## EXERCISE AIM
Using the data that follows, output only the lines from the line with "Medium Sparklers By" up to and including the line with "Download Cat psychedelic", exactly, leaving pictures aside.

## RAW DATA
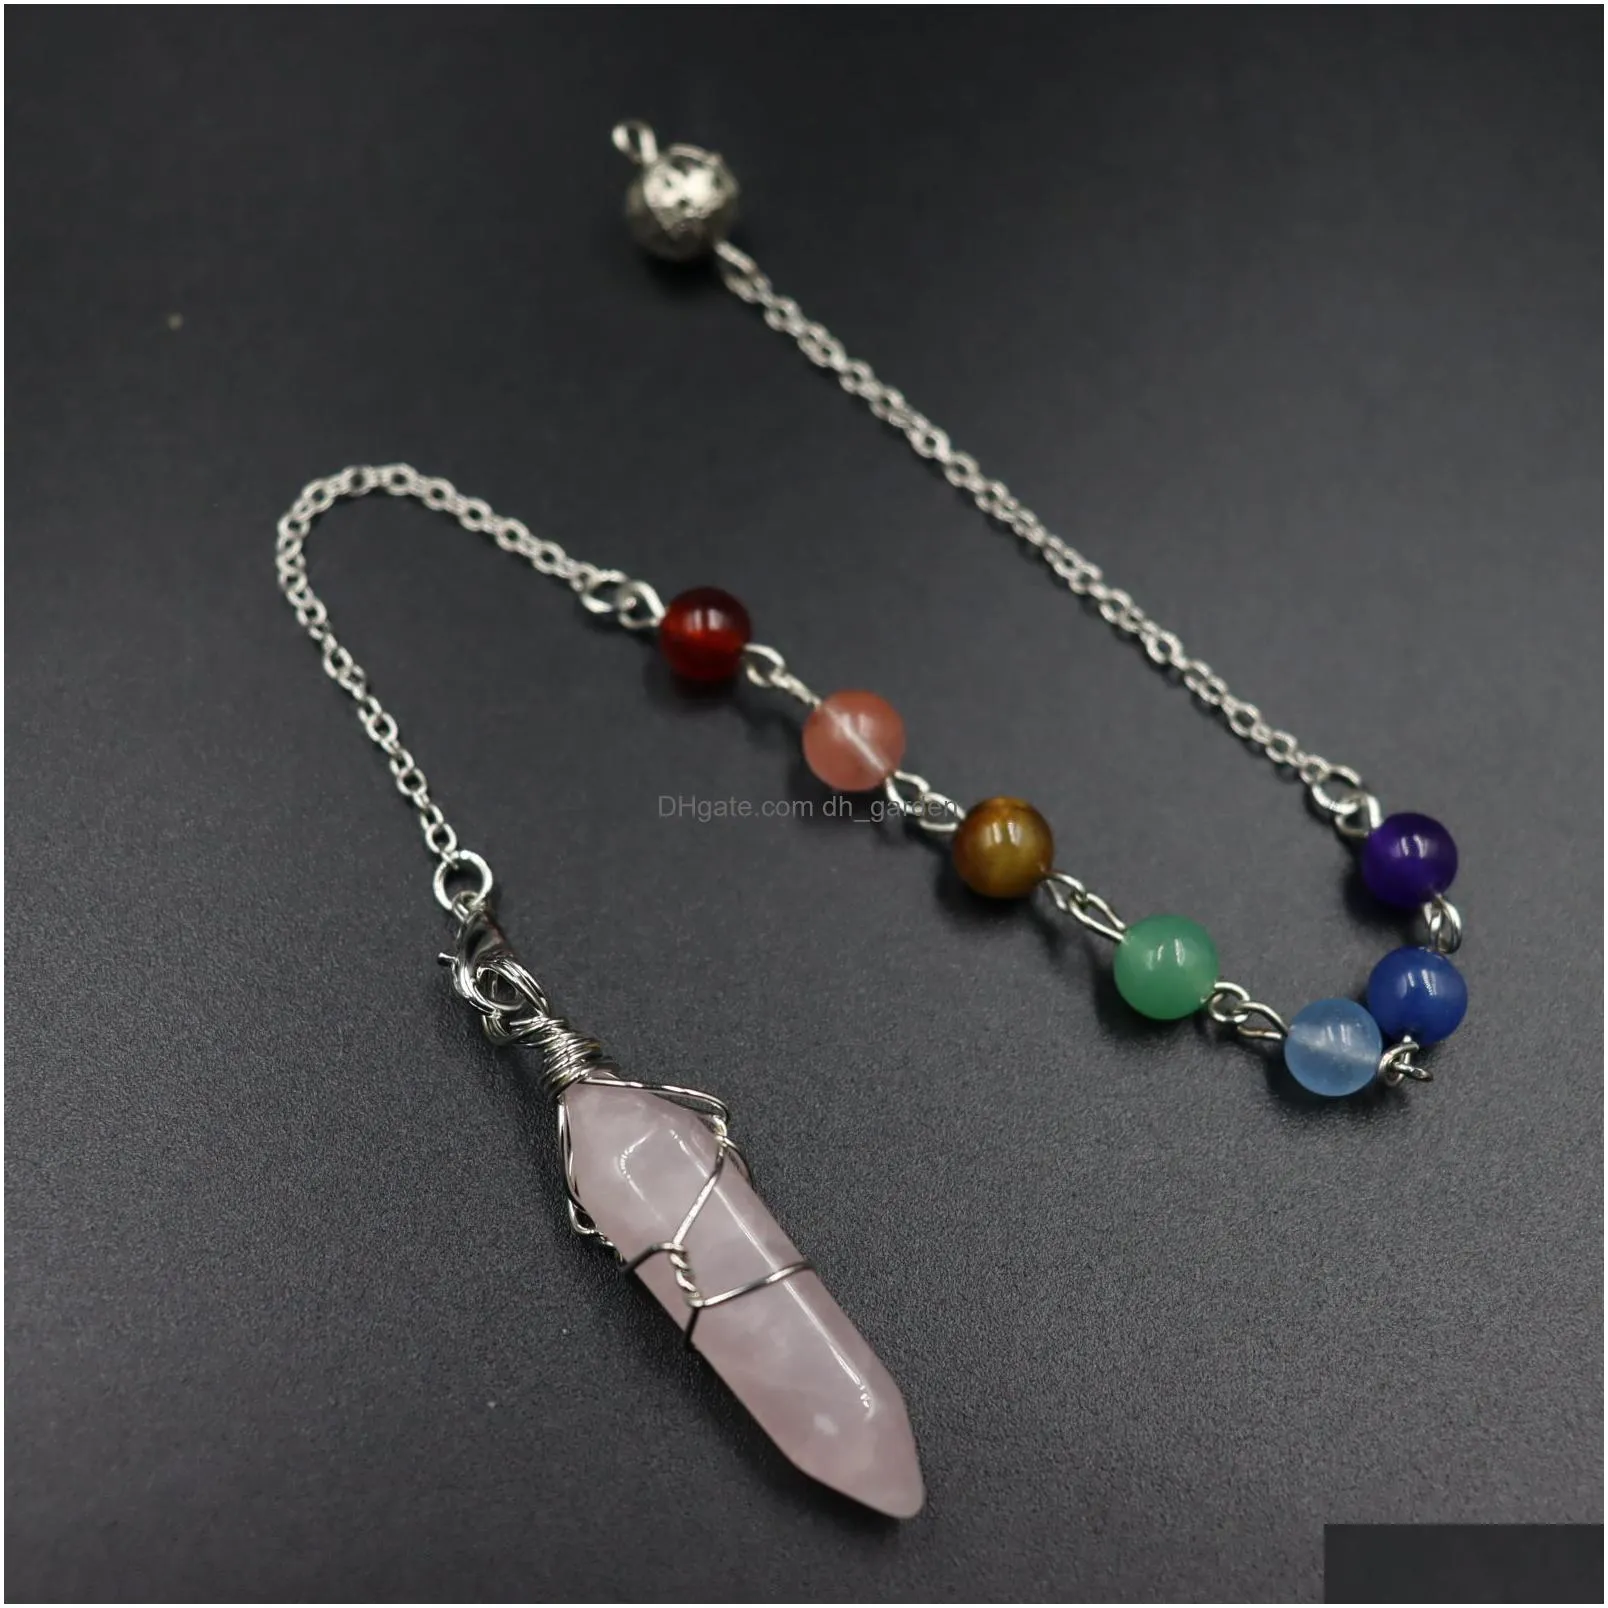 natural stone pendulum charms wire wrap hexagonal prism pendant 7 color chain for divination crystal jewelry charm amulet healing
==
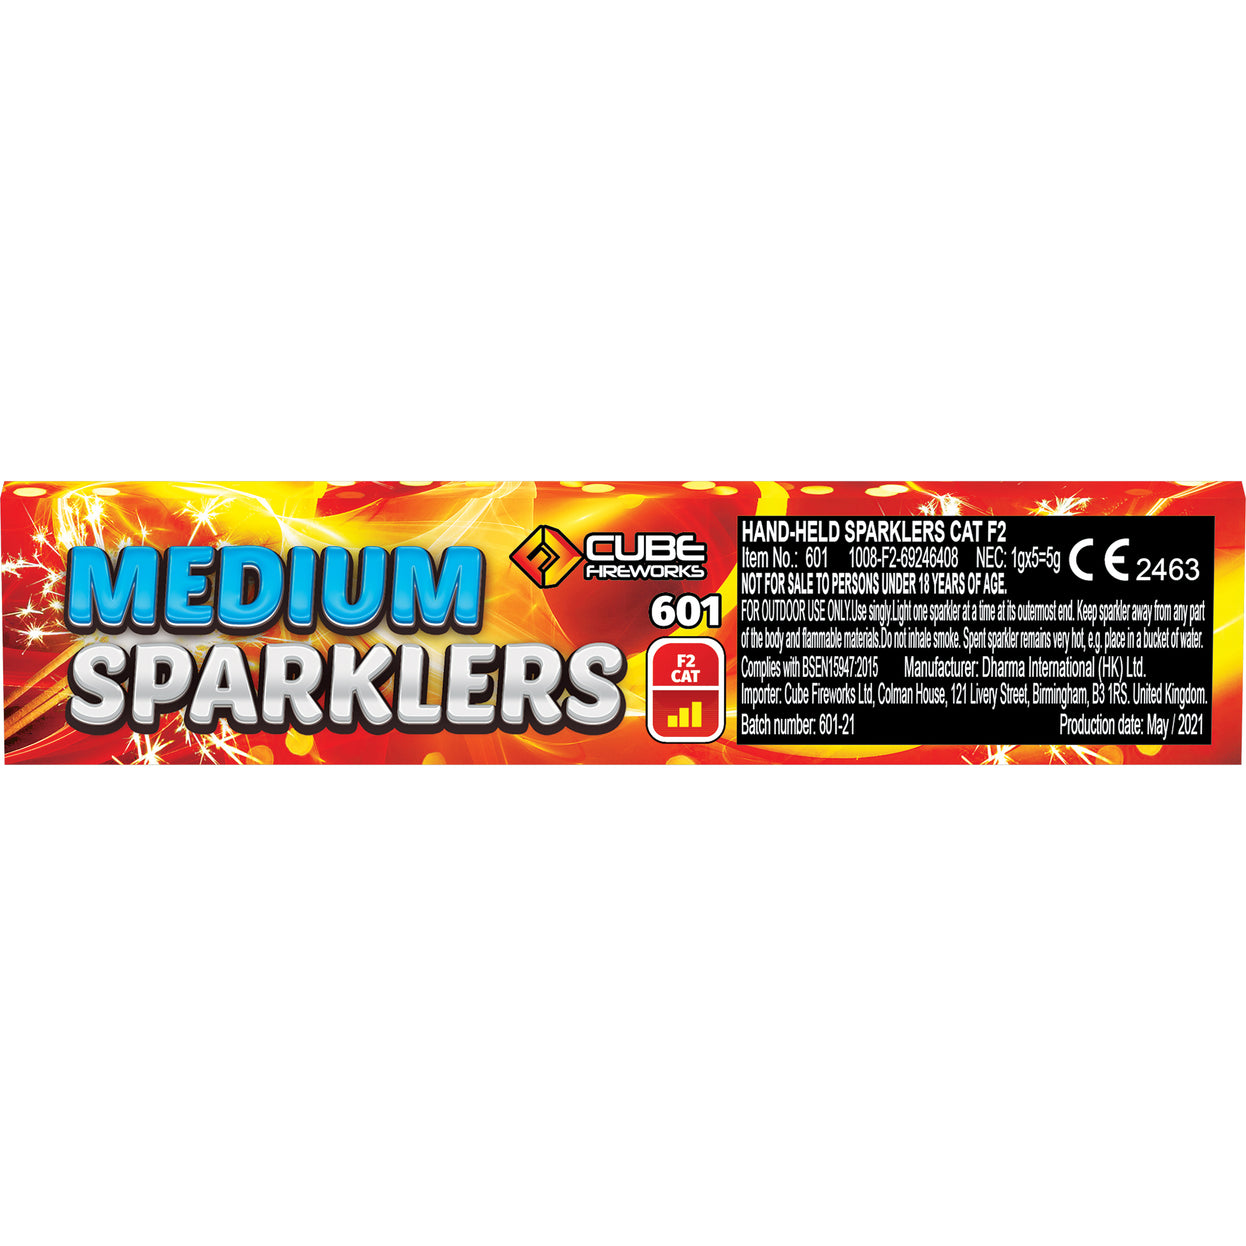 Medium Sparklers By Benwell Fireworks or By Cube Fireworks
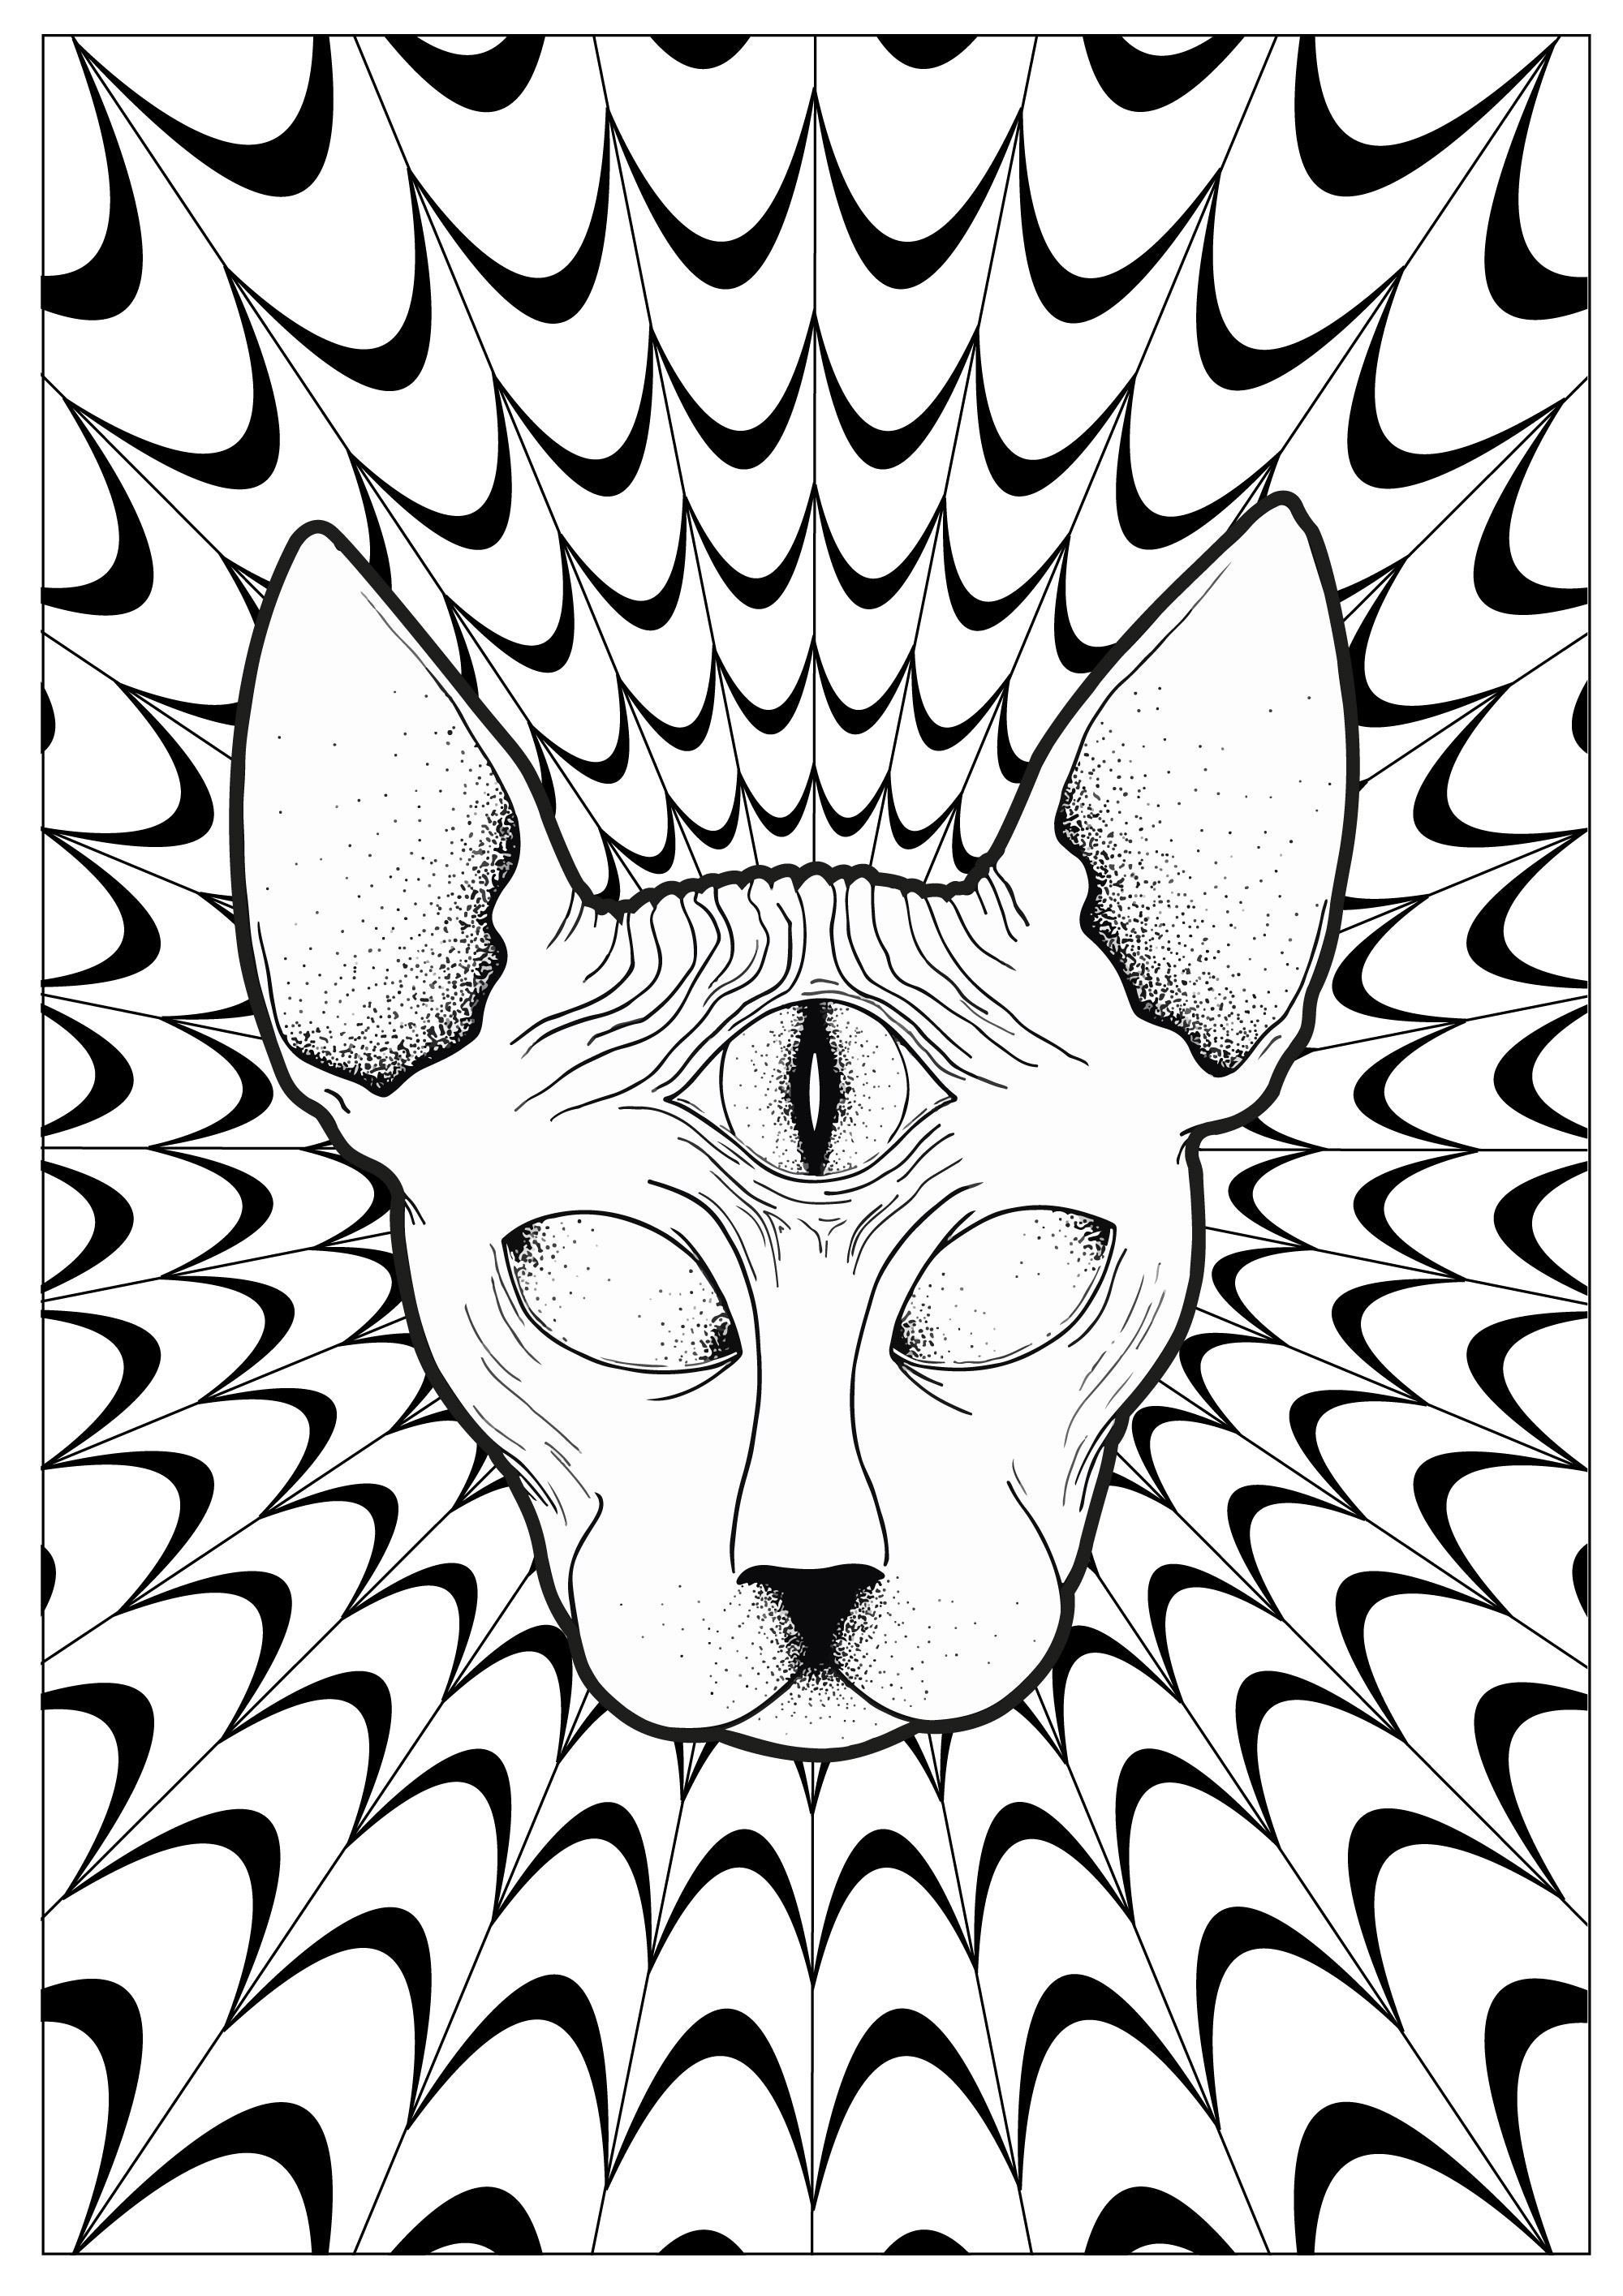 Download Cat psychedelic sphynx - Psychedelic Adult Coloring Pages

## SOLUTION TO THE PROBLEM
 Medium Sparklers By Benwell Fireworks or By Cube Fireworks
 Download Cat psychedelic sphynx - Psychedelic Adult Coloring Pages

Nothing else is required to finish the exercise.